Gene ID Mapping
Author: Ashley Schwartz
Date: Originally Developed September 2023, Last Revised March 2024
Purpose and Background
This tutorial goes over how to simply convert a list of zebrafish Gene IDs to another Gene ID type. Gene IDs come in very different forms depending on the database or genome build you are using. This can get confusing! The Gene ID options are:
Gene ID Name |
Description |
Example |
Notes |
---|---|---|---|
ZFIN ID |
ZFIN gene id: always starts with ‘ZDB’ for zebafish database |
ZDB-GENE-011219-1 |
used as the “master” gene id (link) |
NCBI Gene ID |
integer gene id managed by NCBI: also known as Entrez Gene ID |
140634 |
|
Symbol |
descriptive symbol/name: RefSeq symbol used in RefSeq genome build |
cyp1a |
nomenclature defined by ZFIN |
Ensembl Gene ID |
Ensembl database gene id: always starts with ‘ENSDAR’ |
ENSDARG00000098315 |
Requirements
In this tutorial we will be utilizing two key elements:
a sample Gene ID list (format: .csv, .tsv, .txt) for reading in the Gene IDs, otherwise typing or copy/pasting Gene IDs is also supported
the gene list we will be using is located in the data/test_data subdirectory of this current working directory with relative path
data/test_data/example_diff_express_data.txt
the required python package
see install notes if not currently installed.
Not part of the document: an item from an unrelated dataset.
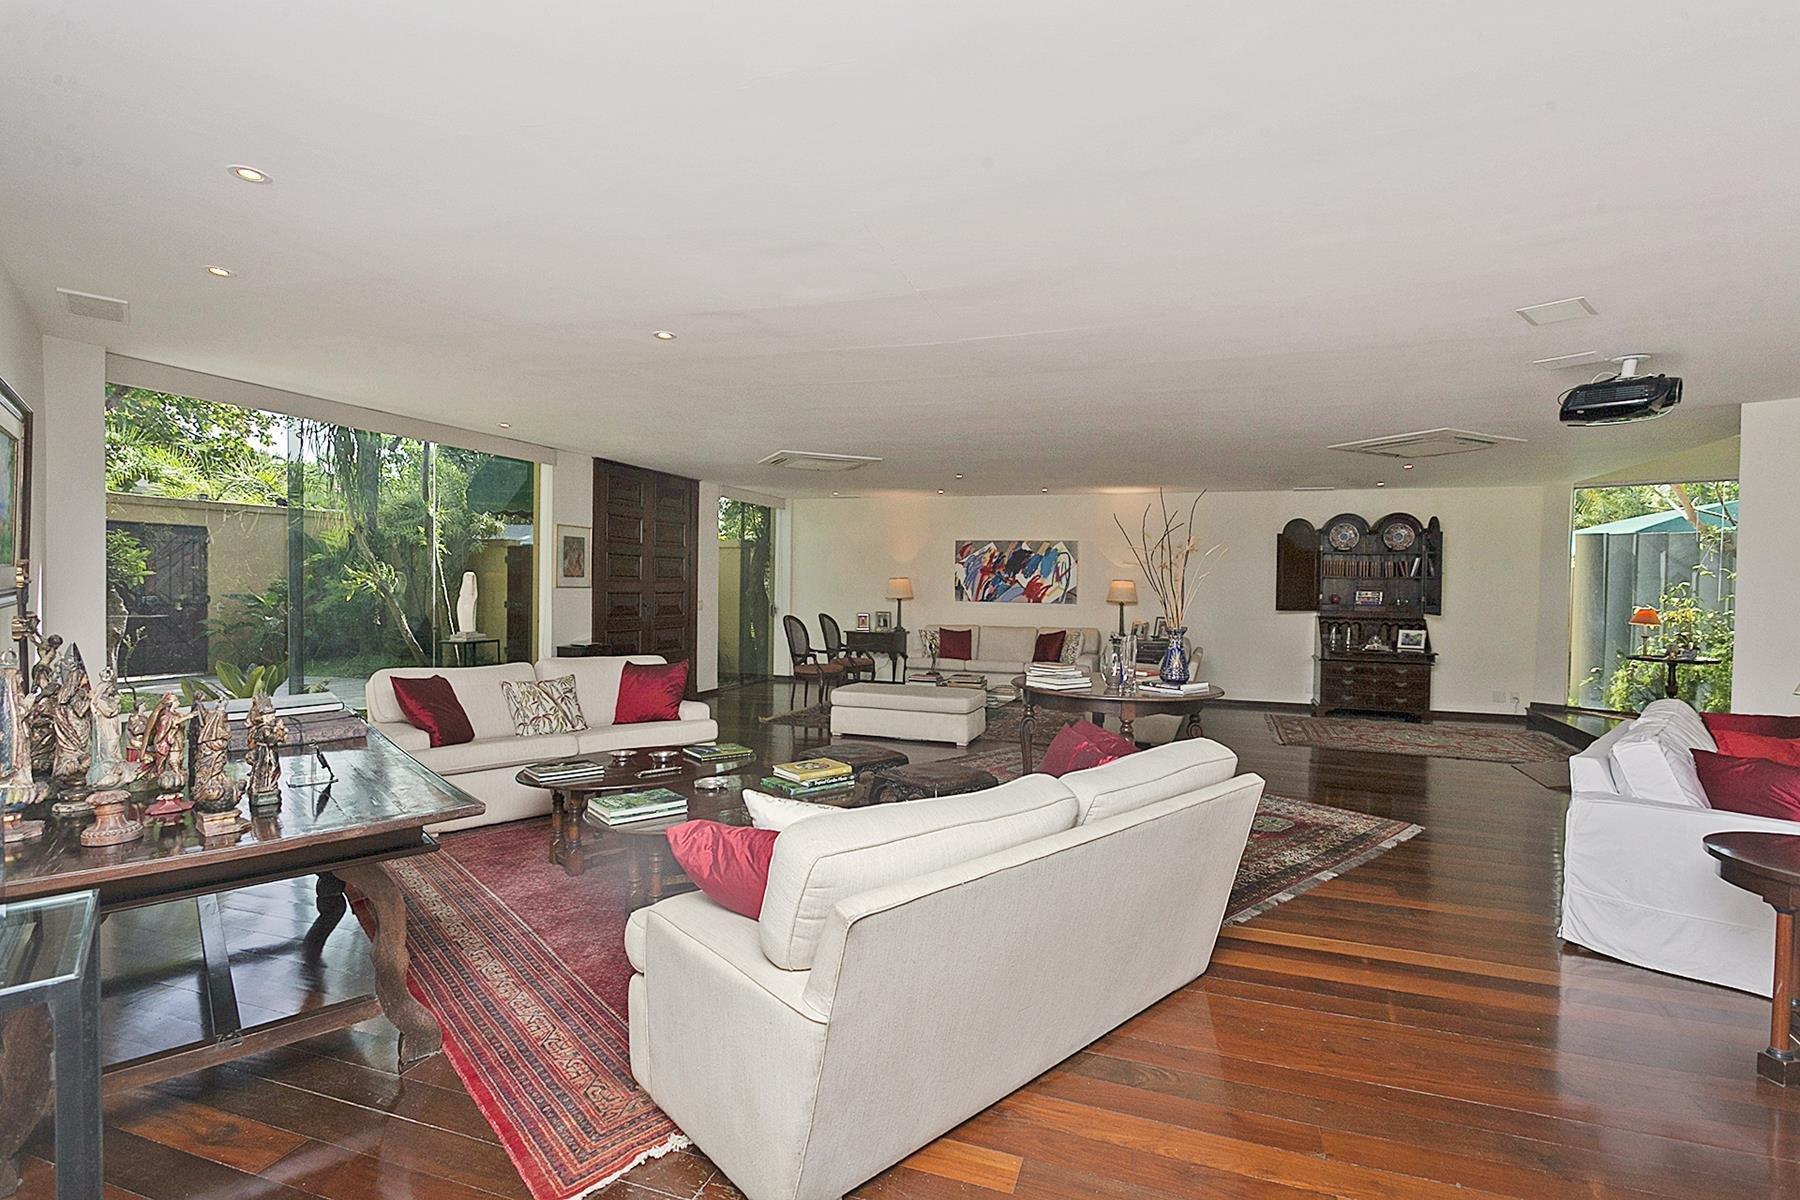 Eigentumswohnung in Barra da Tijuca, Rio de Janeiro, Brasilien 1

In general, while you do not need a large foundation in Python to execute the code listed in this tutorial, a general understanding of absolute and relative paths is useful.
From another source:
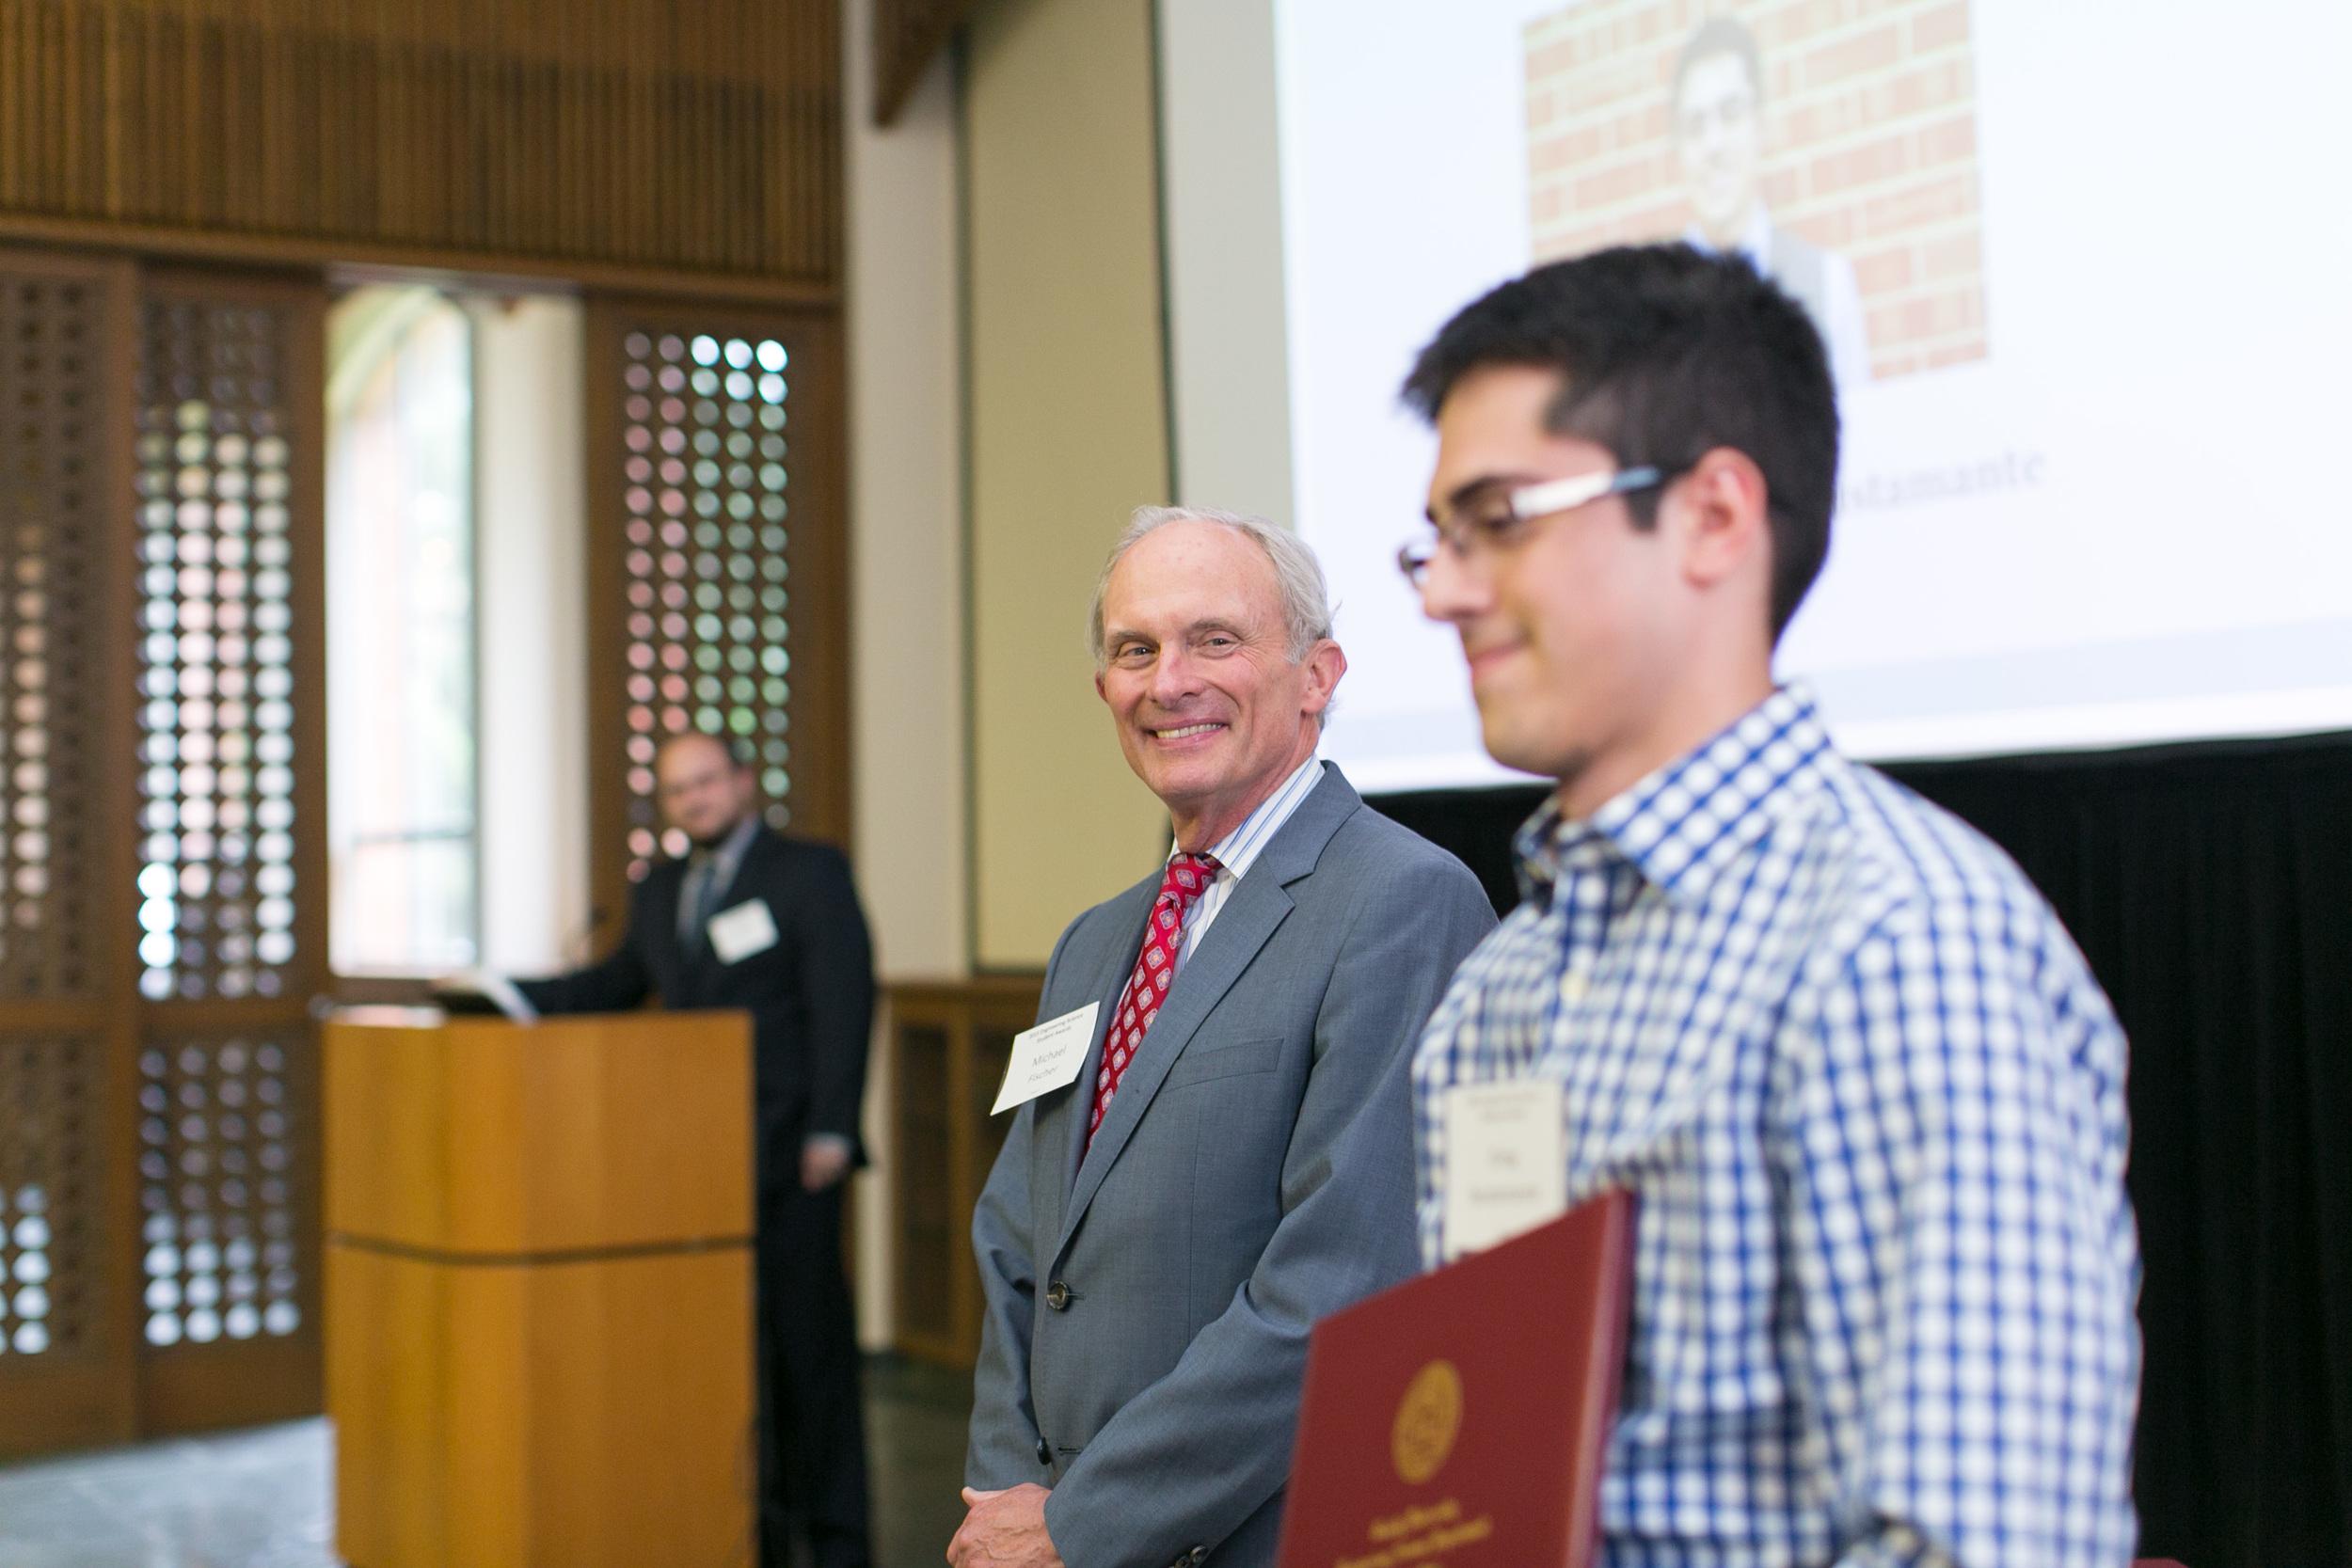 076-Engineering Awards.jpg

note: the Gene IDs are spelling and case sensitive
# IMPORT PYTHON PACKAGE
# ---------------------
from danrerlib import mapping, utils
import pandas as pd
Execute Mappings
There are a variety of scenarios when you might need to map Gene IDs. In the most simplest case, you might have a few IDs you would like to map to Entrez NCBI Gene IDs since that is a common Gene ID used in pathway databases. Other times, you might want to convert an entire column in an excel fil you have. We will go through a few different options.
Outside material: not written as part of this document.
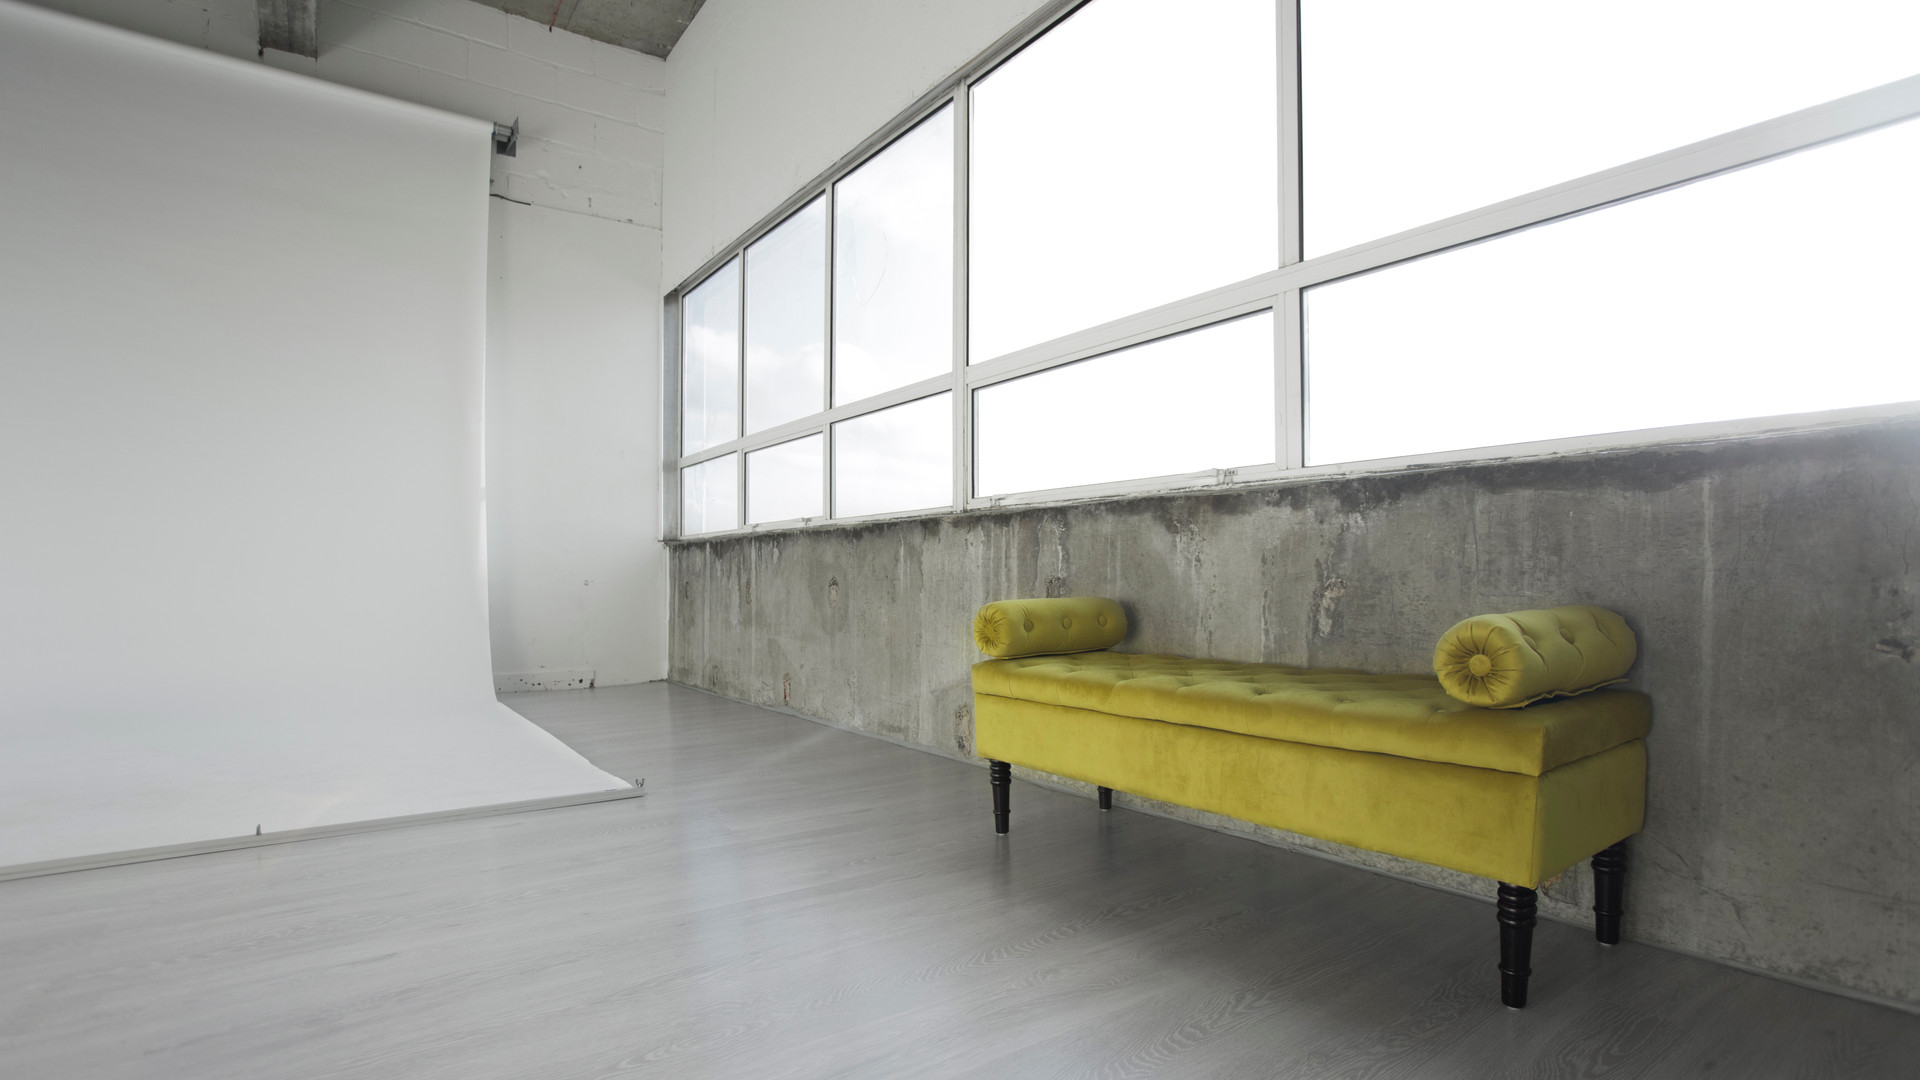 photography-studio-hire-daylight-silverspace-studios-3

Simple Case: Convert a list of Gene IDs
Purpose: Given a small list of Gene IDs that are of Gene ID type A, convert to Gene ID type B.
You would most likely use the simple case if you have a small list of gene ids that you need to convert. Especially useful if you just want to copy and paste and retrieve your converted ids!
Step 1: Define your list of ids. In this case, I have NCBI Gene IDs. I named the python list list_of_gene_ids
and include all the Gene IDs I want to convert.
list_of_gene_ids = [
100000252, 100000750, 100001198, 100001260, 100002225, 100002263,
100002756, 100003223, 100007521, 100149273, 100149794, 100170795,
100321746, 100329897, 100330617,
]
Step 2: Tell the program which ID you currently have and which ID you would like to convert to. I currently have NCBI Gene IDs and I want to convert to ZFIN Gene IDs. Note that Gene ID options are spelling and case sensitive. Options are listed at the beginning of this document. (don’t worry, the program will let you know if you have made a mistake when you launch the program!)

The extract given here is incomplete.